The U.S. benchmark followed Brent lower on rising global inventories and signs of a possible nuclear deal with Tehran that could allow more Iranian oil exports, Reuters reports.

"The prospect of an increase in Iranian oil sales as part of a new agreement in the next couple of months will only exacerbate OPEC oversupply, supporting our bearish outlook," Barclays told Reuters.

Continental Resources is an Oklahoma City-based independent crude oil and natural gas exploration and production company with operations in the north, south and east regions of the U.S.

Separately, the company is reportedly one of several producers that is considering an acquisition of Whiting Petroleum Corp. (WLL).

The average recommendation of 28 brokers' estimates is a 2.5, with a 2 rating representing an "outperform" rating and a 3 a "hold." The mean target price is $49.36.

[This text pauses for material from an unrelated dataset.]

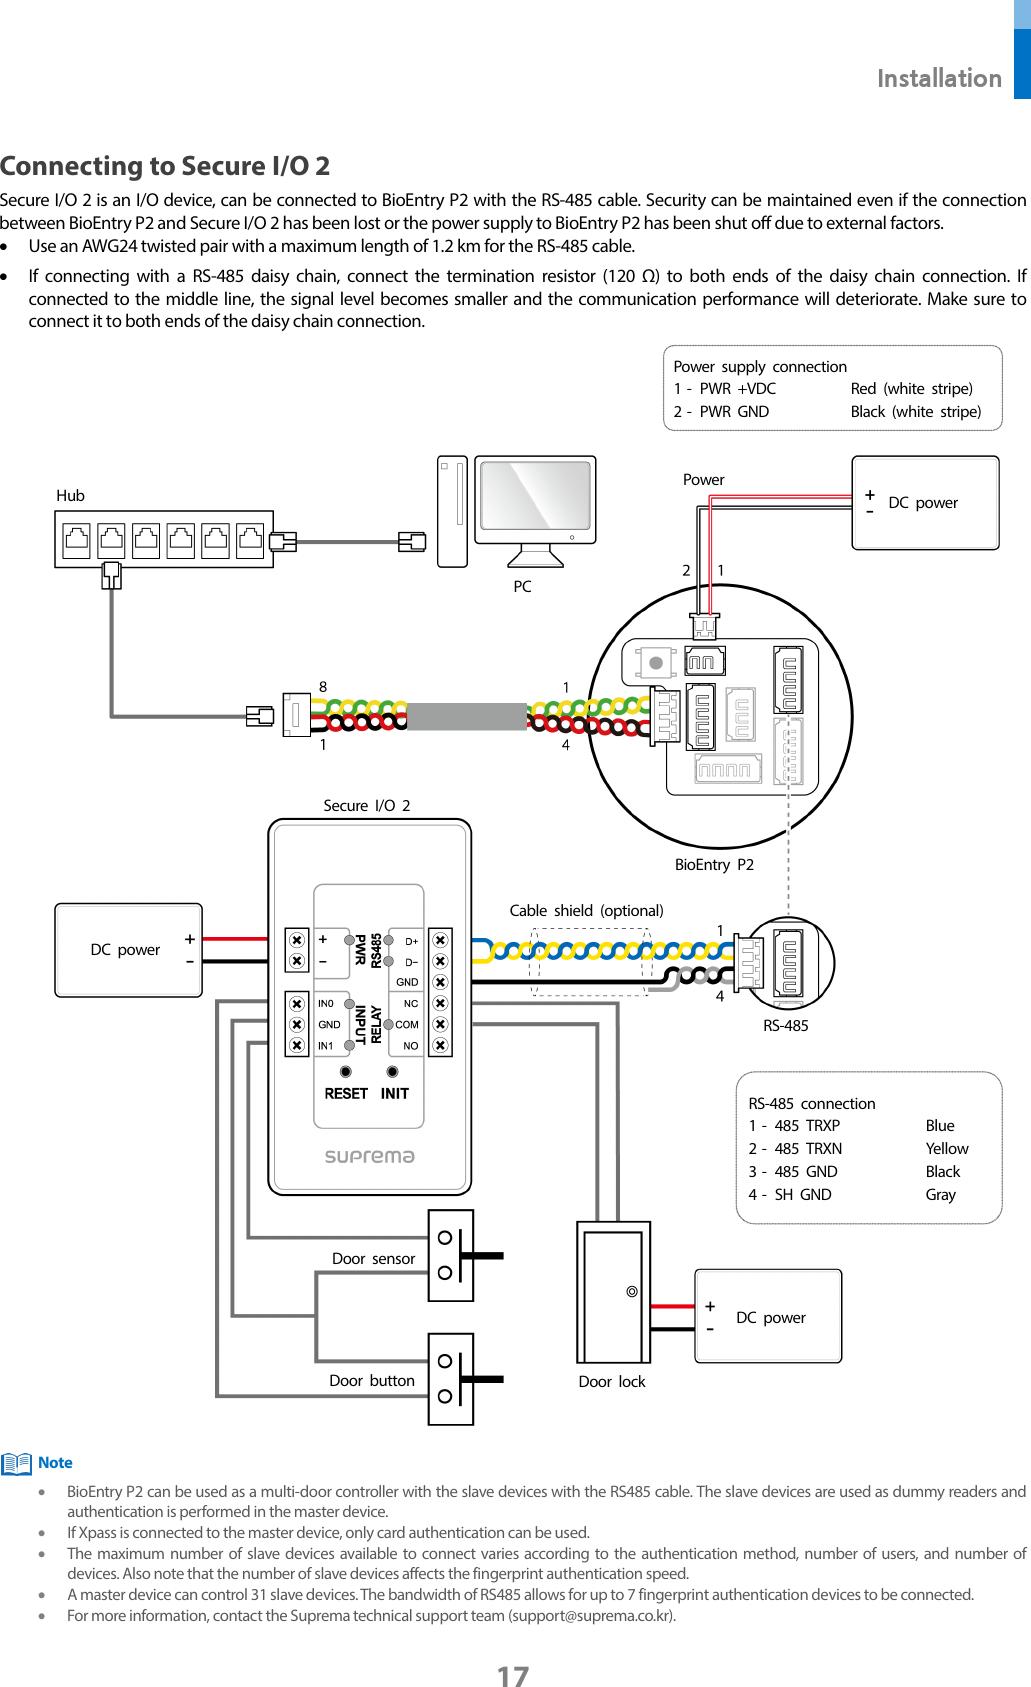 Quantitative Data Of Maximum Force And Maximum Energy Manual Guide
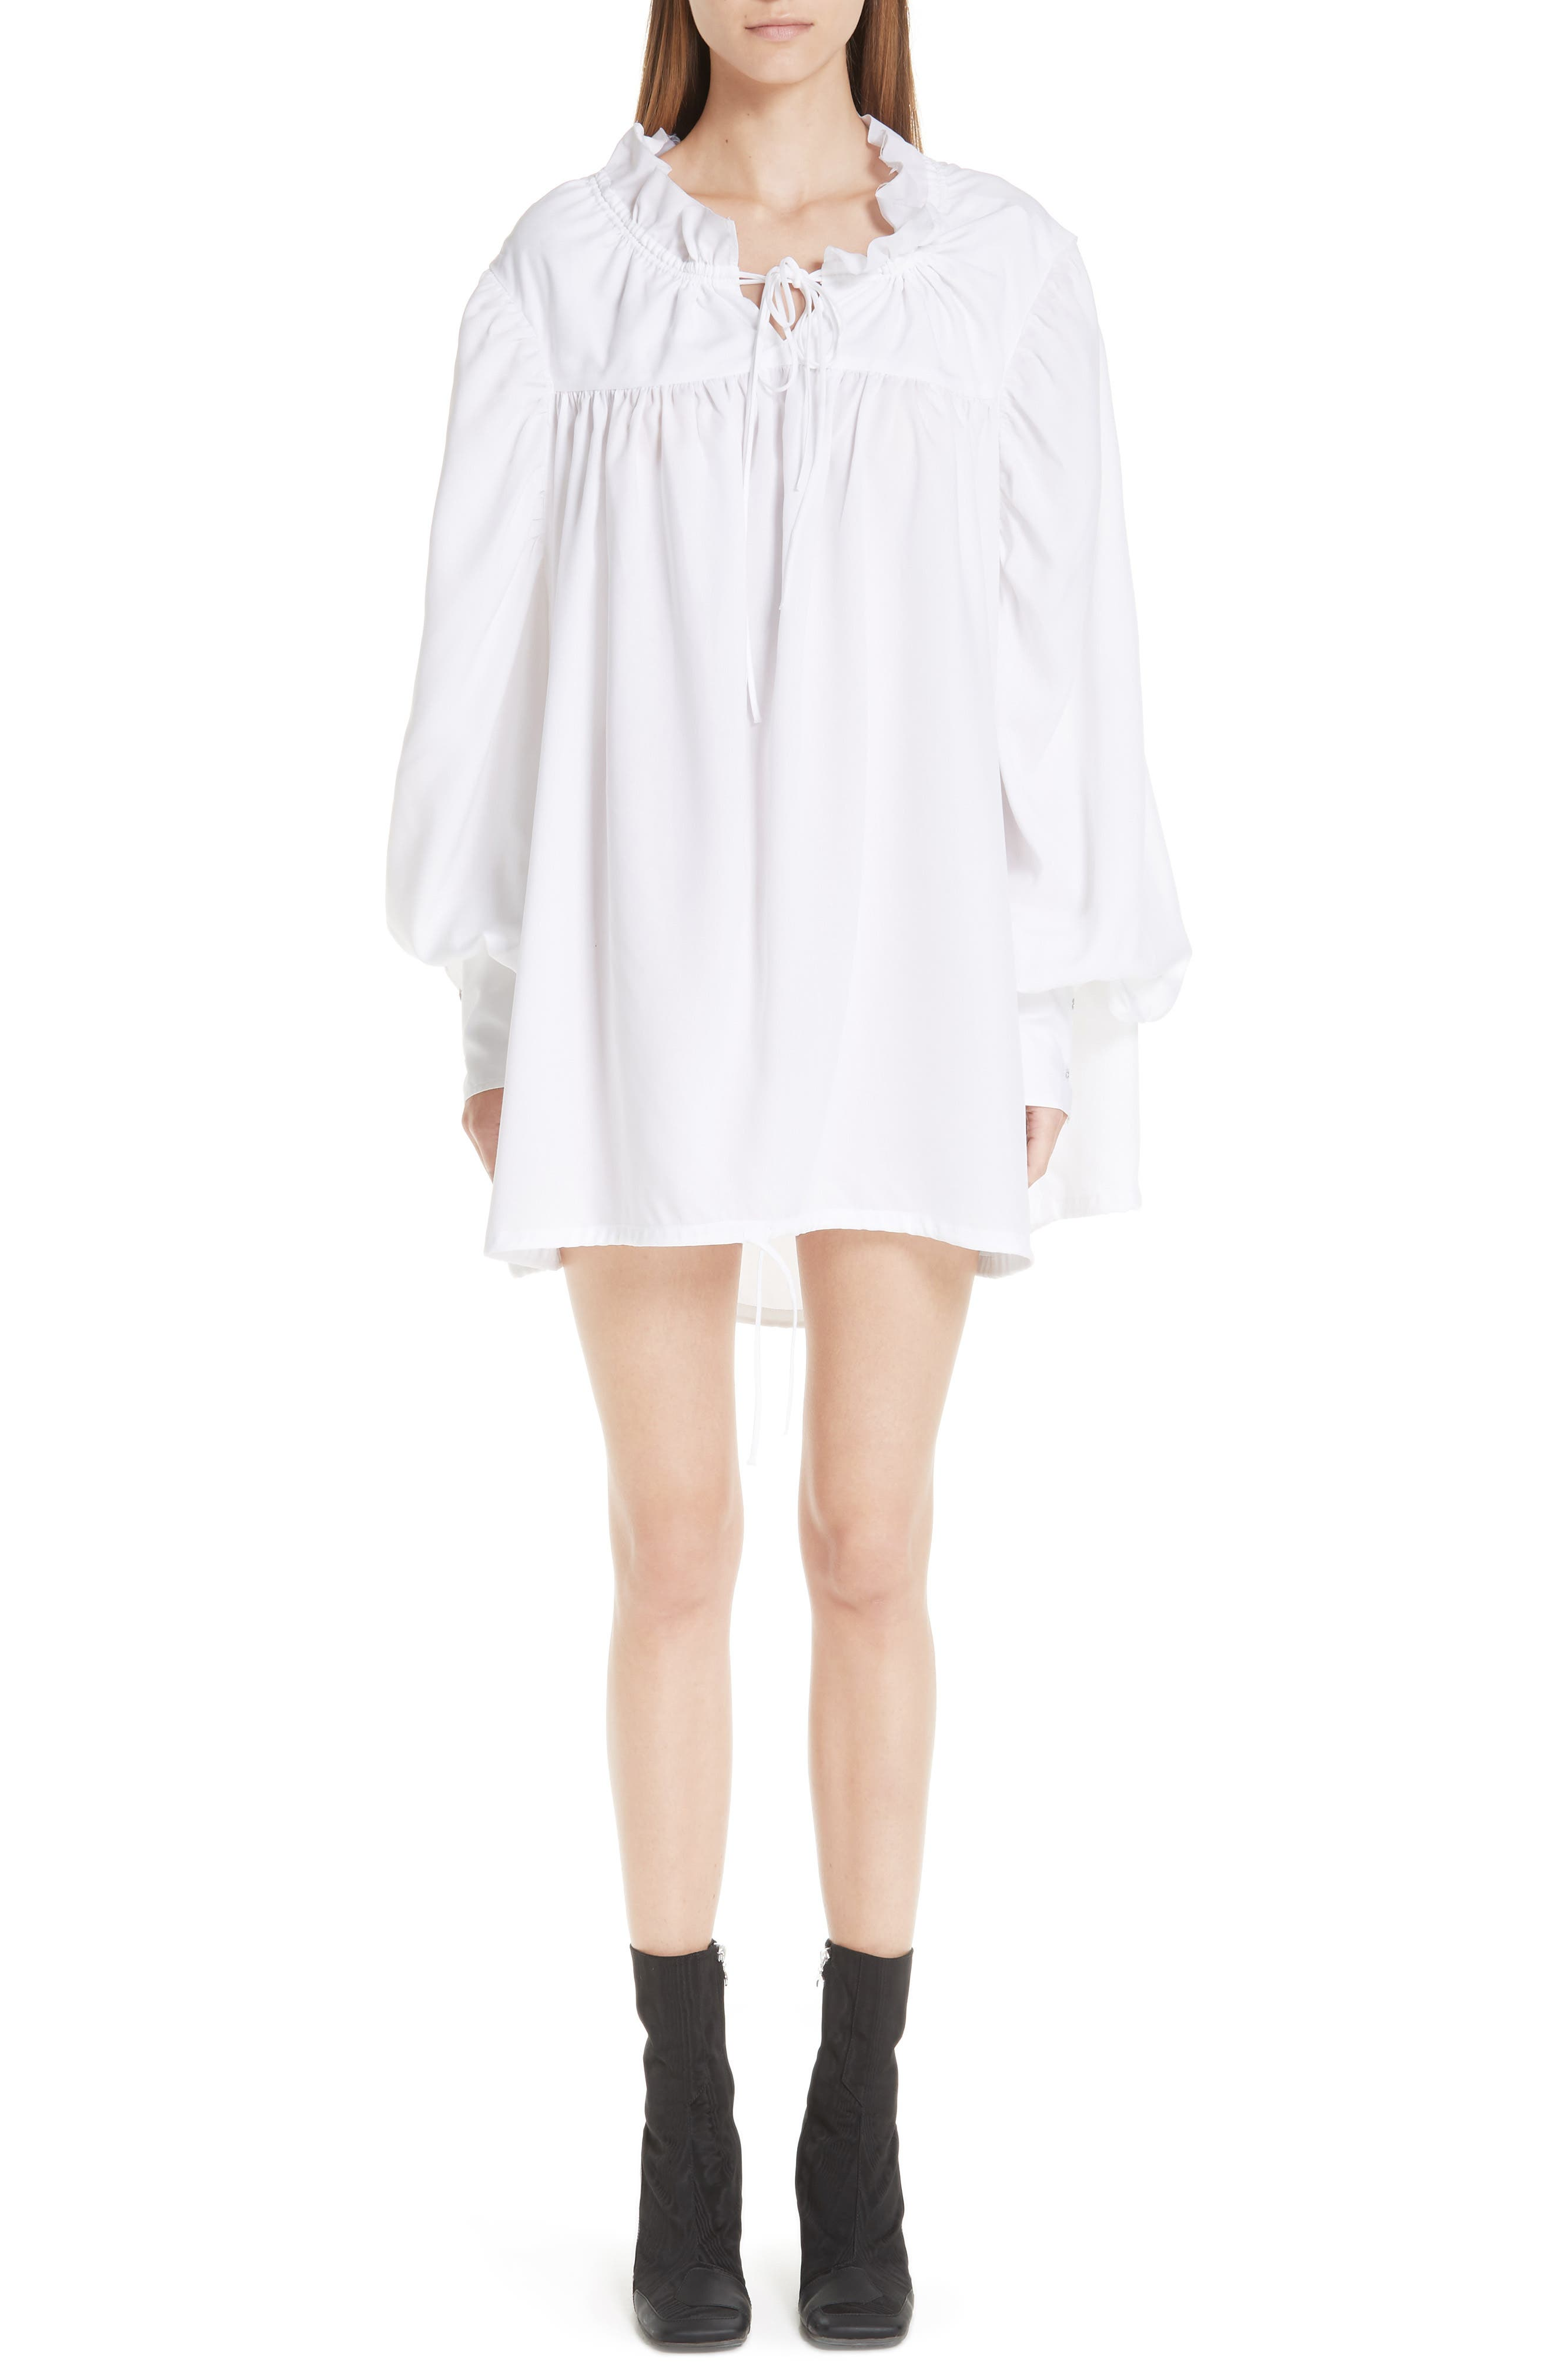 Marques'Almeida Gathered Yoke Shirt,                         Main,                         color, WHITE

TheStreet Ratings team rates CONTINENTAL RESOURCES INC as a Hold with a ratings score of C+. TheStreet Ratings Team has this to say about their recommendation:

"We rate CONTINENTAL RESOURCES INC (CLR) a HOLD. The primary factors that have impacted our rating are mixed, some indicating strength, some showing weaknesses, with little evidence to justify the expectation of either a positive or negative performance for this stock relative to most other stocks. The company's strengths can be seen in multiple areas, such as its robust revenue growth, good cash flow from operations and notable return on equity. However, as a counter to these strengths, we also find weaknesses including generally higher debt management risk, a generally disappointing performance in the stock itself and feeble growth in the company's earnings per share."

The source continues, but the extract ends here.